Cigarticle on Cigar Terminology
In the last article I wrote, I put some definitions of cigar terms at the end. After giving it a bit of thought, I figured that I should pursue this a little further and supply some more, so here they are:
Wrapper- The leaf that is spiral wrapped around the outside of a cigar.
Binder- The leaf underneath the wrapper which holds the filler together while in the mold.
Filler- The tobacco in the center of the cigar which makes up the bulk of its mass.
Bunch- The filler and binder when put together prior to rolling.
Vitola- The name of the shape of a cigar (i.e.- robusto, toro, Churchill, torpedo, etc.)
Figurado- A cigar with a pointed head (torpedos, diademas, perfectos, and belicosos are all figurados).
Parejo- A straight-sided cigar with a rounded or flattened head (robustos, coronas, and Churchills are all examples of parejos).
Candela- A wrapper leaf that is noticeably green in color. The color is achieved by exposing the leaf to heat shortly after harvesting which “fixes” the chlorophyll in the leaf. Often used interchangeably with claro, but less so today, as the term claro has come to mean a blonde colored cigar. Double claro, however, still refers to a greenish wrapper. Candela wrappers generally impart a slightly sweet, vegetal flavor with a slight bitter edge.
Claro- In current parlance, claro is a light tan or blonde wrapper, the best example of which is Connecticut Shade. Claro wrappers generally indicate a mellower cigar, as the wrapper itself tends to have leathery flavor with a slight peppery-ness.
Natural- A wrapper color that is light brown or tan. As color is not necessarily an indication of strength, it would be inaccurate to say that a cigar with a natural wrapper will be mellow to medium bodied, but it will be true in the majority of cases.
Colorado- A wrapper leaf with a reddish cast and a color like old brick. The dark rust hue generally gives an indication of spiciness, although this is not always true. Some companies call this wrapper color Rosado.
Colorado maduro- A wrapper with a deep, rich reddish-brown color, usually shiny and oily and full-flavored like the Corojo wrapper on the Gran Habano #5 series.

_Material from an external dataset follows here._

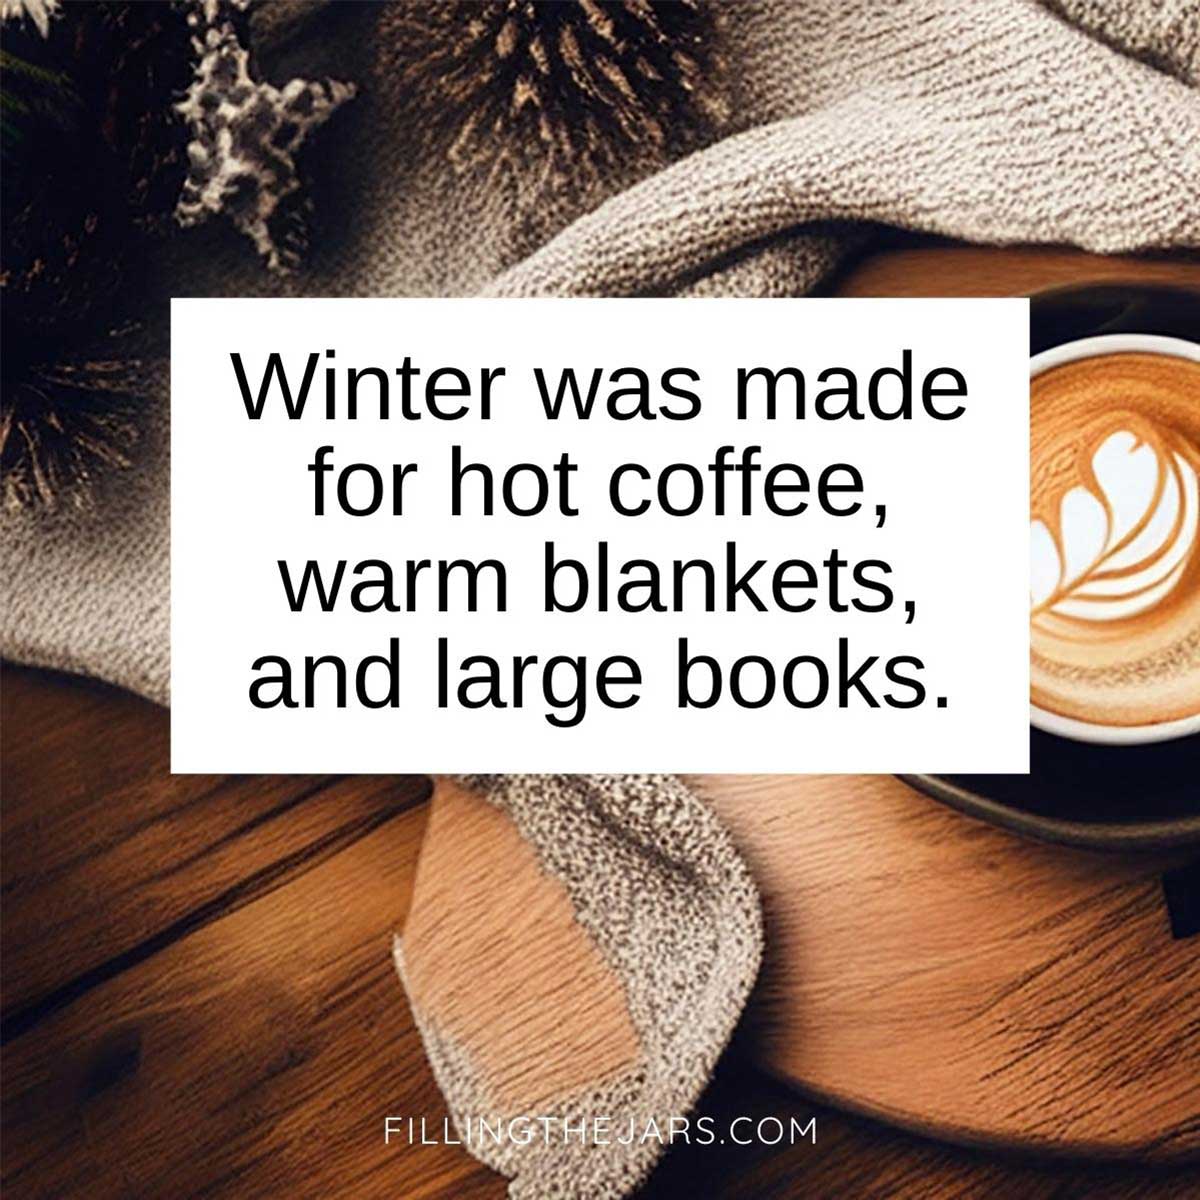 Hot coffee for cold weather quote in black text on white background over cozy winter coffee flatlay.

Maduro- A dark brown wrapper often mistakenly thought of as strong (as in spicy). In actuality, maduro cigars tend to be somewhat sweet due to the caramelization of the sugars in the leaf. Maduros tend to be rich and full-bodied, but not normally overly strong.
Oscuro- The darkest of wrapper leaves. When achieved naturally, it is done by allowing the tobacco to reach a fermentation temperature of 140 to 160 degrees. Sometimes manufacturers will artificially dye the wrappers to attract the oscuro smoker, but since they use a molasses-based dye to do so, there’s a noticeable hint of non-tobacco sweetness, and the color can stain the smoker’s fingers and lips.
Frontmark- A series or shape that is a subset of a brand. For example- Hoyo de Monterrey Excalibur- Hoyo de Monterrey is the brand and Excalibur is the frontmark; or, Punch Rothschild- Punch being the brand name and Rothschild being the frontmark.
Ligero- The leaves from (generally) the top five rows of leaves on a cigar tobacco plant. Specifically, the top two rows are often referred to as corona. These are the last leaves to be harvested and receive the most sunlight and nutrients, which also makes them the strongest flavored. Ligero leaves are used to create more body in a cigar. But the strain of tobacco and the place that it’s grown has more impact than the location on the plant. Ligero from a Connecticut Valley shade plant will still be mellower than viso (the next priming below ligero) from a Nicaraguan Corojo plant from the Esteli region.
Viso- The priming just below the ligero section of a cigar tobacco plant (upper middle) which is still fairly robust, depending upon the strength of the plant.
Seco- The priming below the viso on a cigar tobacco plant which is generally a fairly mellow leaf and is mostly used in the filler. The leaves start becoming fairly large when going down as far as the seco region.
Volado- The large leaves in the bottom rows of a cigar tobacco plant. These are usually the smoothest leaves and used mostly as filler.
Sand leaves- The bottommost row of leaves of a cigar tobacco plant which are normally discarded or composted.
Bulk- The term which describes the bales of tobacco during the fermentation stage. The process of piling up the bales to create the pressure necessary for proper fermentation is called bulking.
8-9-8- A cigar shape, usually around the size of a Lonsdale or cazadore, named for the type of box in which they are packed. An 8-9-8 box normally has rounded sided so it can be packed with a bottom row of eight cigars, a middle row of nine, and a top row of eight. The most famous is the Cuban Partagas 8-9-8.
Entubar- A traditional Cuban method of cigar rolling. To make a cigar with this method, the filler leaves are laid out in an overlapping manner, and the filler is rolled up in the shape of a tube. This makes for a fully-packed bunch which burns more slowly and evenly than from other methods.
Booking- Another way to bunch filler tobacco, by folding it upon itself. Bunches made this way are less dense than those rolled entubar, and makes for a faster burning cigar with a greater chance of an uneven burn.
Pigtail- A different method of finishing the head of a cigar as opposed to using a cap or making a figurado. When the roller reaches the head end of the cigar, (s)he will tightly twist the wrapper leaf to create a little “tail.” Oftentimes the roller will turn the tail into a tight, bulky knot. To smoke the cigar, one can cut the pigtail off, or twist the pigtail until it snaps off, leaving a hole to draw through.
I’m sure that I’ll have more of these coming, so keep an eye out.